Pero desde la Encarnación, dirá San Bernardo, la Bondad de Dios y la Paz de Dios, encarnadas en el Niño de Belén, tendrán que ser creídas por los hombres, porque las verán con sus propios ojos, al contemplar al Niño de Belén: “Pero ahora los hombres tendrán que creer a sus propios ojos, y que los testimonios de Dios se han vuelto absolutamente creíbles. Pues para que ni una vista perturbada puede dejar de verlo, puso su tienda al sol”.

Con la Encarnación del Hijo de Dios, la paz de Dios ya no es simplemente anunciada, sino que es enviada a los hombres, en la Persona del Hijo de Dios: “Pero de lo que se trata ahora no es de la promesa de la paz, sino de su envío; no de la dilatación de su entrega, sino de su realidad; no de su anuncio profético, sino de su presencia”.

En ese Niño se contiene toda la Misericordia Divina, la cual es derramada en su totalidad en la Pasión y como ese Niño es Dios, al derramarse la Misericordia de su Corazón en la Pasión, se derrama con ella y en ella la misma divinidad: “Es como si Dios hubiera vaciado sobre la tierra un saco lleno de su misericordia; un saco que habría de desfondarse en la pasión, para que se derramara nuestro precio, oculto en él; un saco pequeño, pero lleno.

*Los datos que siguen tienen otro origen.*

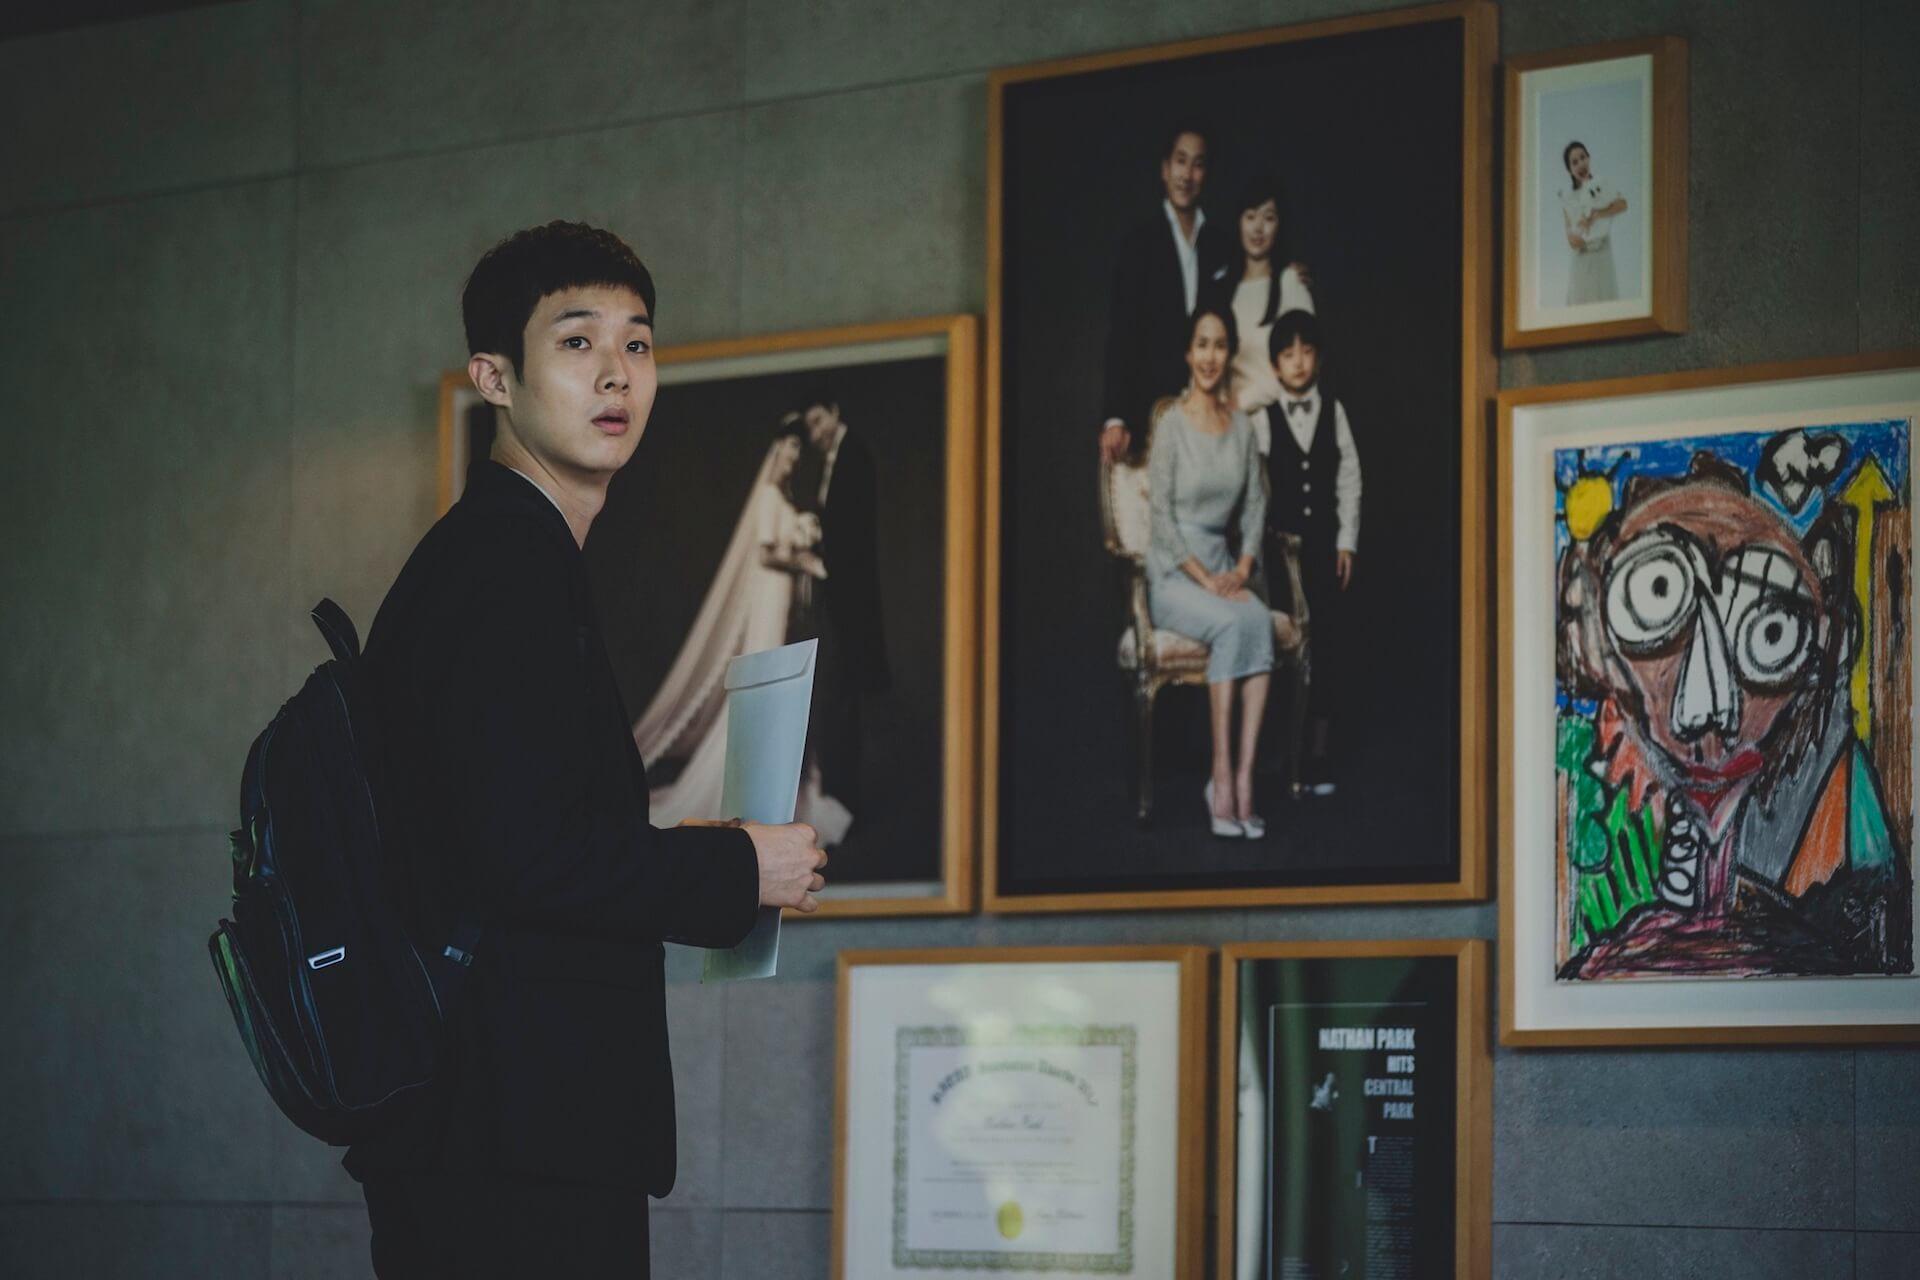 全世界が熱狂する『パラサイト 半地下の家族』出演キャスト陣からコメントが到着「韓国映画の進化として認識することでしょう」 film191030_parasite_5
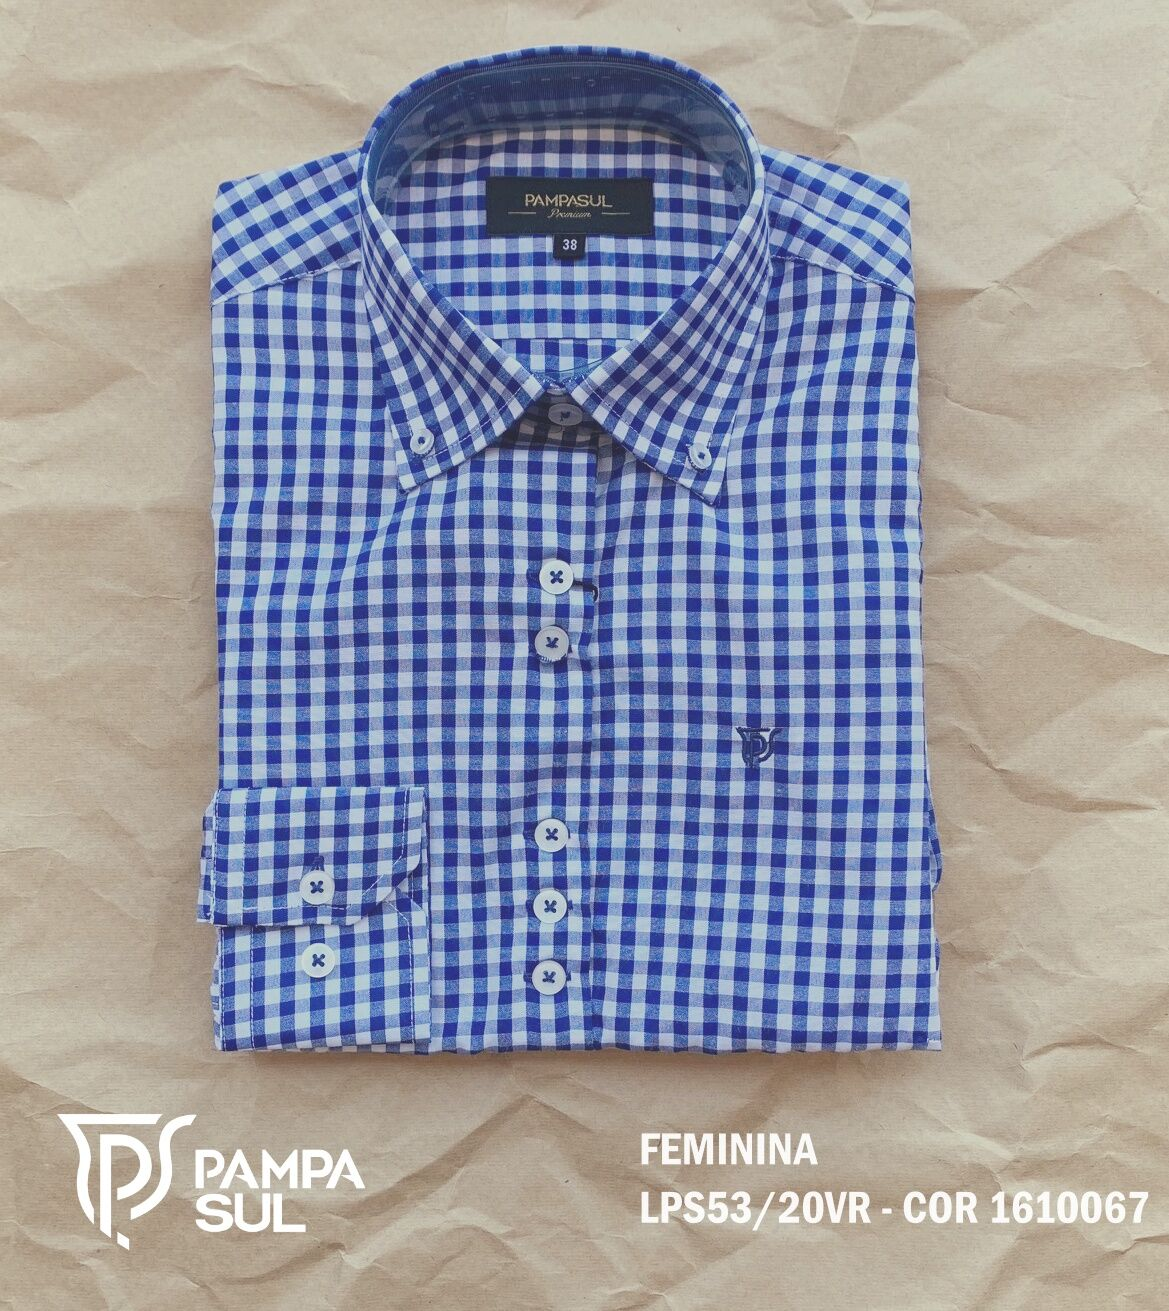 Camisa Pampa Sul Feminina LPS 53/20

Y que un niño se nos ha dado, pero en quien habita toda la plenitud de la divinidad”.

No puede ser de otra forma, puesto que en el Niño de Belén “habita la plenitud de la divinidad”, divinidad que vino en carne mortal, para que al manifestarse en su Humanidad, se revelase su Divinidad y su Bondad: “Ya que, cuando llegó la plenitud del tiempo, hizo también su aparición la plenitud de la divinidad. Vino en carne mortal para que, al presentarse así ante quienes eran carnales, en la aparición de su humanidad se reconociese su bondad”.

Al manifestarse la divinidad en la humanidad del Niño de Belén, se manifiesta también su Bondad, porque la encarnación supone que Dios en Persona ha asumido nuestra humanidad, la de todo hombre, no solo la de Adán, para salvarnos: “Porque, cuando se pone de manifiesto la humanidad de Dios, ya no puede mantenerse oculta su bondad. ¿De qué manera podía manifestar mejor su bondad que asumiendo mi carne? La mía, no la de Adán, es decir, no la que Adán tuvo antes del pecado”.

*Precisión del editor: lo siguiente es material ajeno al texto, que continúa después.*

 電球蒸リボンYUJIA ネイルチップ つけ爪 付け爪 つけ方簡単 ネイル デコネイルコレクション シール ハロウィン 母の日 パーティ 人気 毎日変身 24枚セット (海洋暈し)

Al encarnarse, Dios se humilla a sí mismo y así manifiesta inequívocamente su misericordia: “¿Hay algo que pueda declarar más inequívocamente la misericordia de Dios que el hecho de haber aceptado nuestra miseria?”.

Siendo eterna en sí misma, la Palabra de Dios se manifiesta en una humanidad que es finita y mortal, dando así muestras de un amor infinito y eterno por los hombres que, siendo en sí mismos tan poca cosa, ven sin embargo a su Dios manifestado en la pobre humanidad: “¿Qué hay más rebosante de piedad que la Palabra de Dios convertida en tan poca cosa por nosotros? Señor, ¿qué es el hombre, para que te acuerdes de él, el ser humano, para darle poder?”.

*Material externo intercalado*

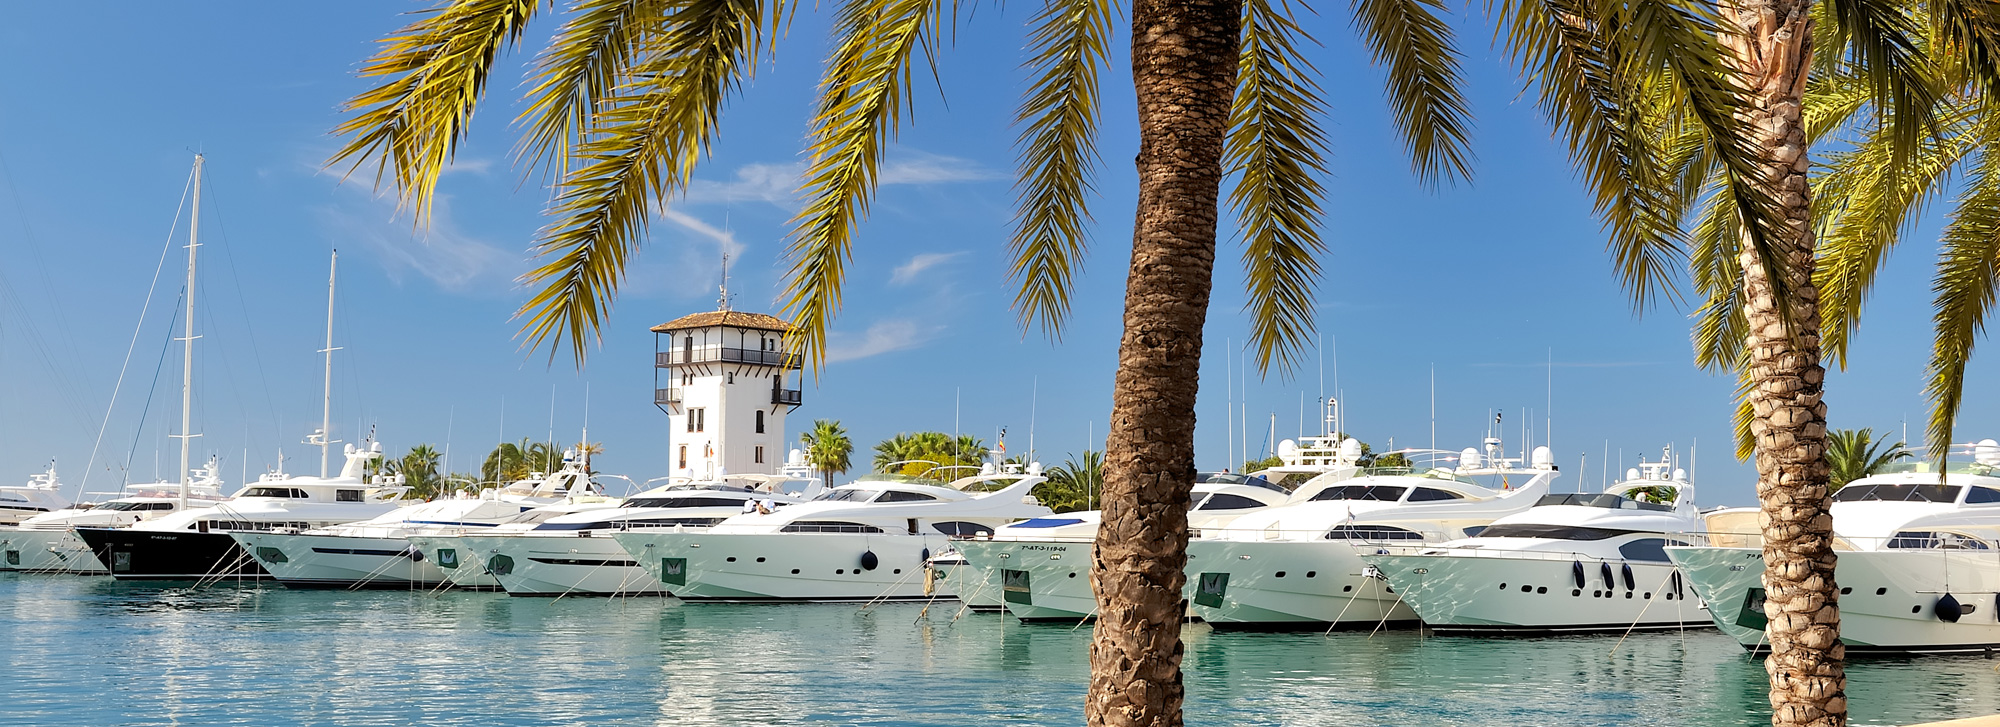 Hotel Marina Portals Portals Nous Mallorca

De la Encarnación de la Palabra y de su posterior Pasión y muerte en Cruz, deben deducir los hombres cuánto sufrió Dios encarnado por nuestro amor, para que inicie y crezca en nosotros el amor por la divinidad que inhabita en la humanidad del Niño de Belén: “Que deduzcan de aquí los hombres lo grande que es el cuidado que Dios tiene de ellos; que se enteren de lo que Dios piensa y siente sobre ellos. No te preguntes, tú, que eres hombre, porqué has sufrido, sino por lo que sufrió él. Deduce de todo lo que sufrió por ti, en cuánto te tasó, y así su bondad se te hará evidente por su humanidad. Cuanto más bueno se hizo en su humanidad, tanto más grande se reveló en su bondad; y cuanto más se dejó envilecer por mí, tanto más querido me es ahora. Ha aparecido –dice el Apóstol– la bondad de Dios, nuestro Salvador, y su amor al hombre”.

Al contemplar al Niño de Belén y la divinidad que en Él inhabita y que se nos derrama sin límites en la Pasión, debe crecer en nosotros el amor de Dios, al ver cuán grande es la manifestación de su Bondad para con nosotros, porque por su humanidad derramó, desde la Cruz, su divinidad sobre nuestras almas: “Grandes y manifiestos son, sin duda, la bondad y el amor de Dios, y gran indicio de bondad reveló quien se preocupó de añadir a la humanidad el nombre Dios”.



[1] Oficio de Lectura, 29 de Diciembre; En la plenitud de los tiempos vino la plenitud de la divinidad;  De los sermones de san Bernardo, abad; Sermón 1 en la Epifanía del Señor, 1-2.